→ **TASK ITEM**
Reproduce the entire listing exactly. Leave the pictures out.

→ **DATA PROVIDED**
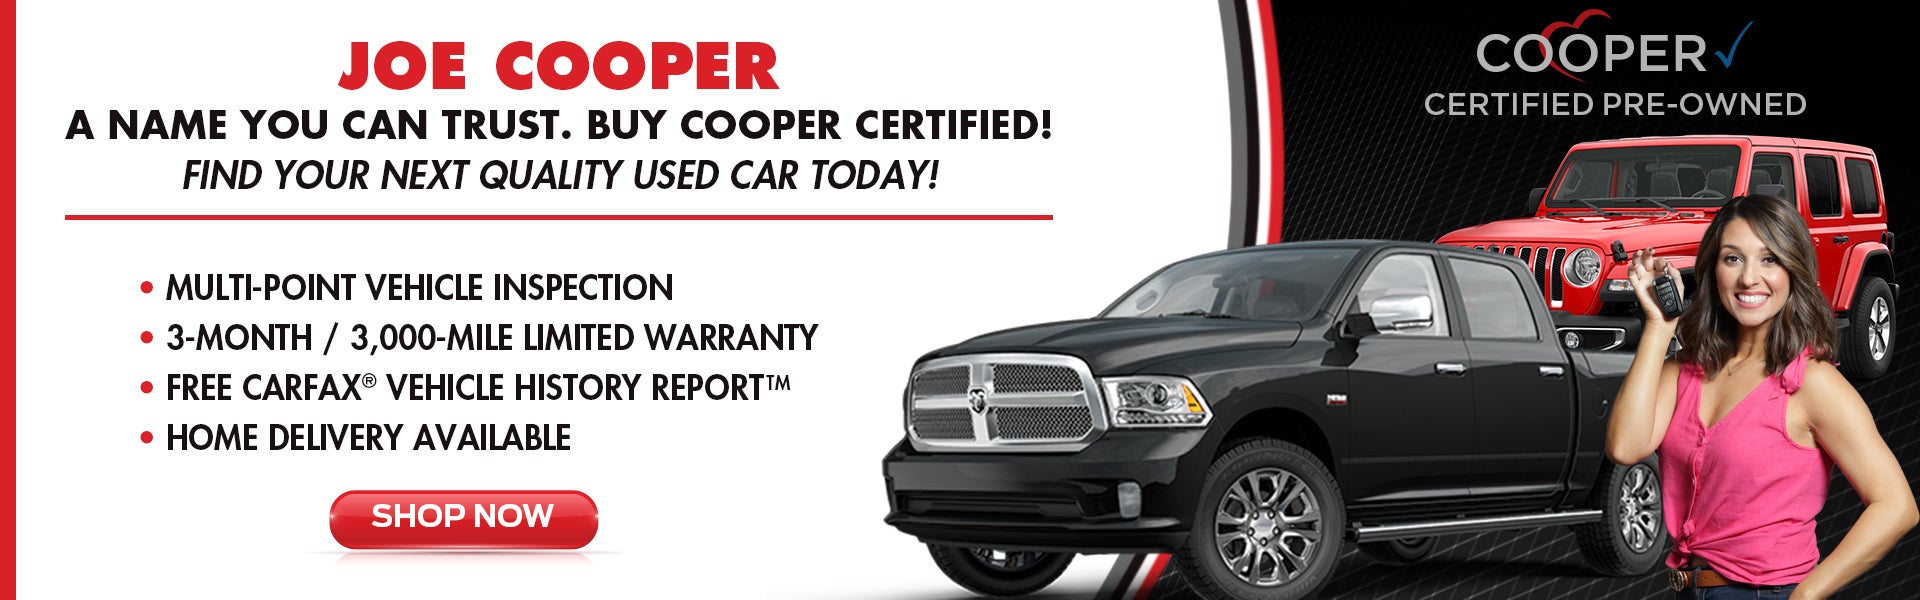 Cooper Certified Pre-owned 
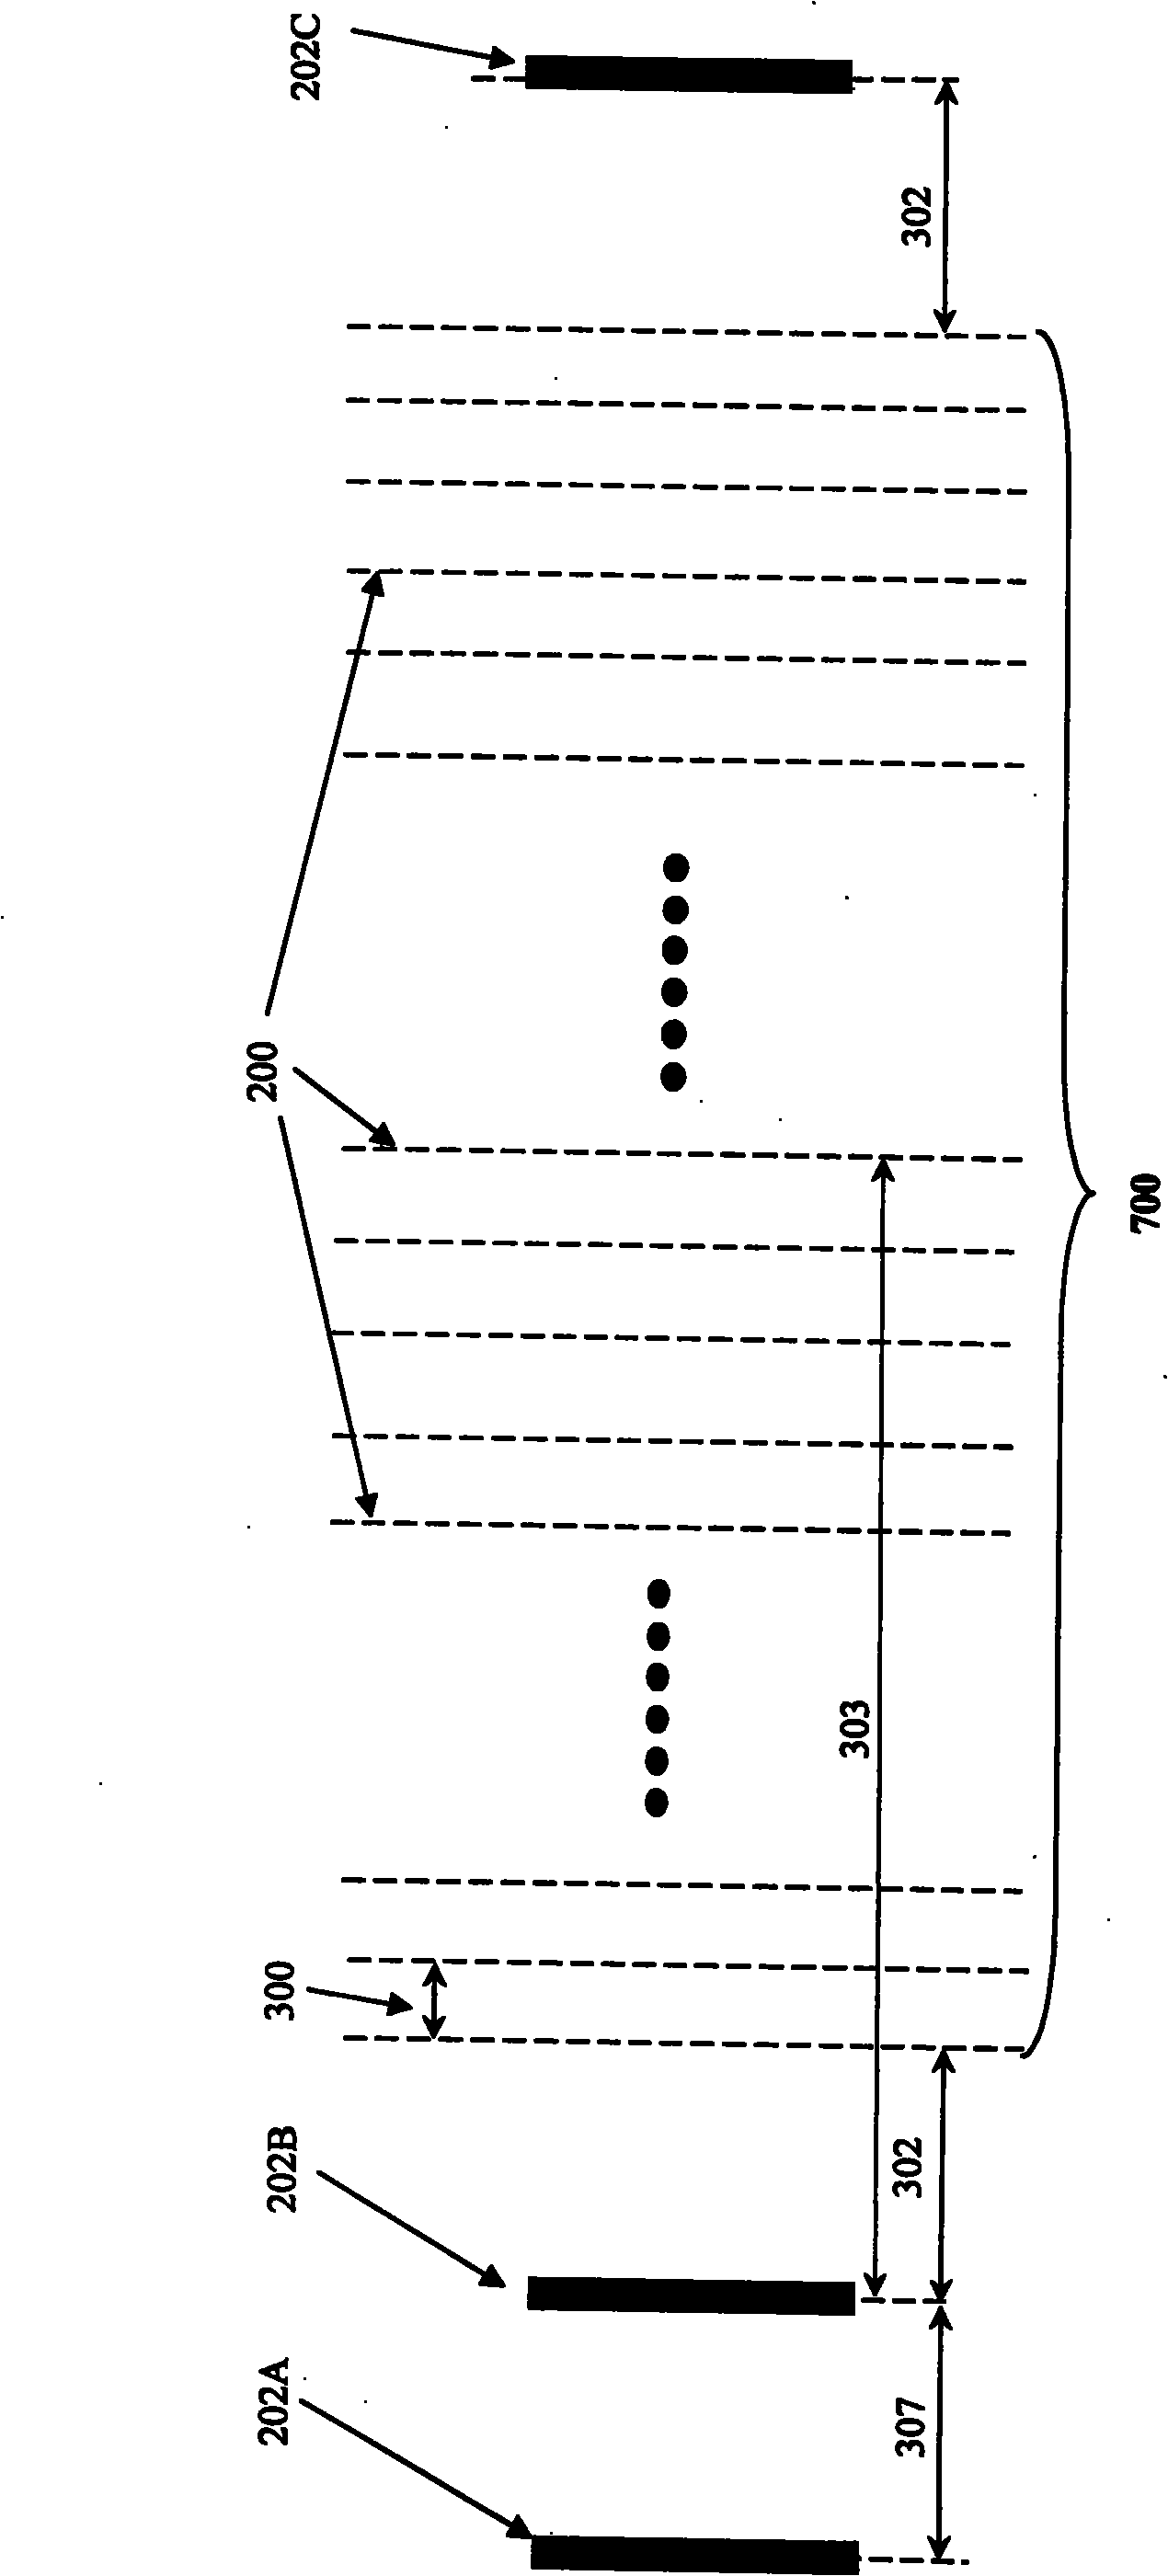 Acoustic surface wave radio frequency tag with high coding capacity
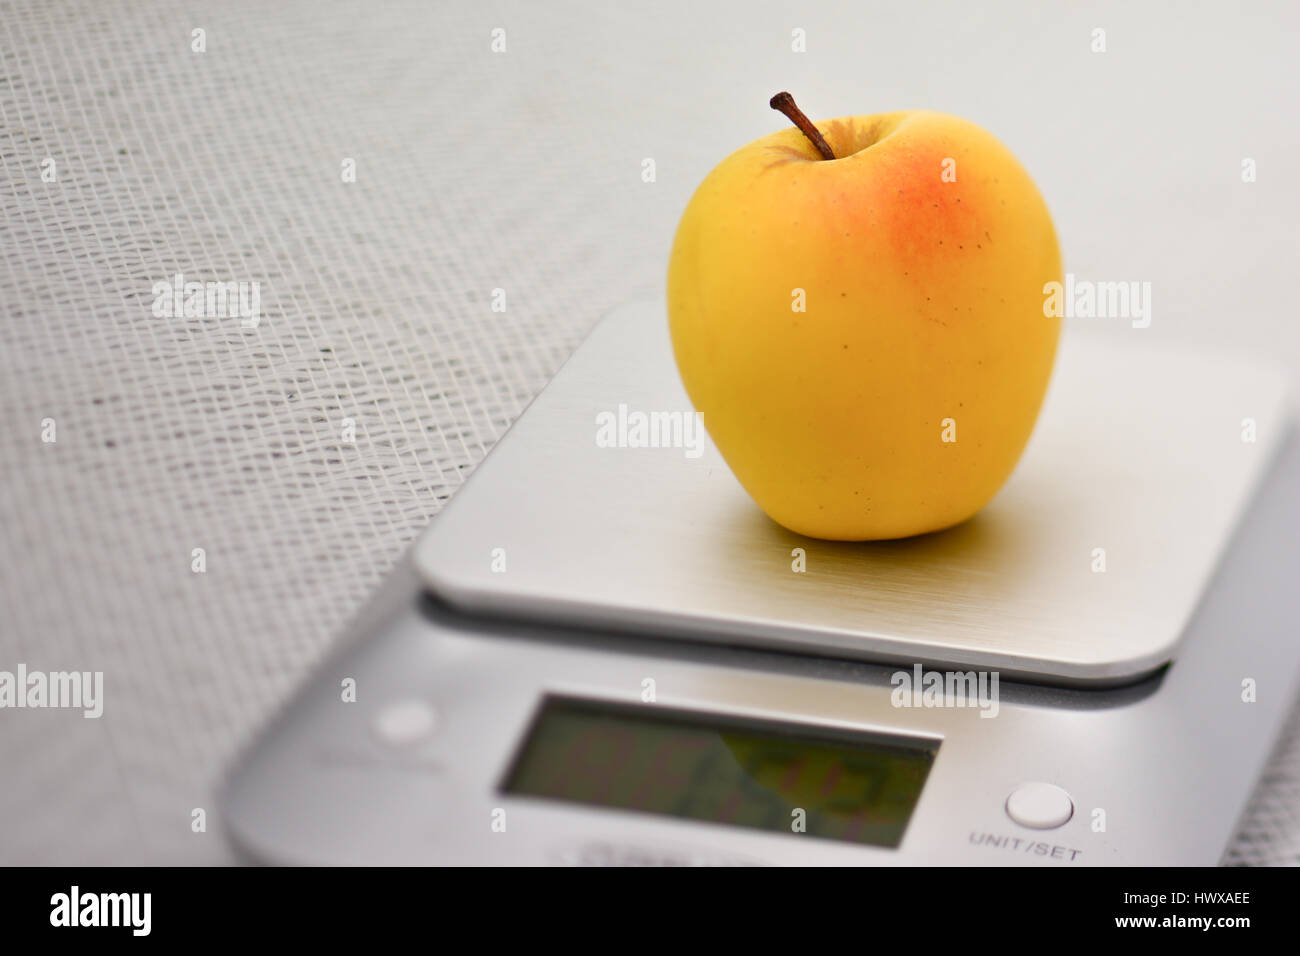 https://c8.alamy.com/comp/HWXAEE/a-single-golden-apple-on-a-stainless-steel-kitchen-scale-HWXAEE.jpg

→ **RESPONSE BOX**
 Cooper Certified Pre-owned 
 Acoustic surface wave radio frequency tag with high coding capacity
 https://c8.alamy.com/comp/HWXAEE/a-single-golden-apple-on-a-stainless-steel-kitchen-scale-HWXAEE.jpg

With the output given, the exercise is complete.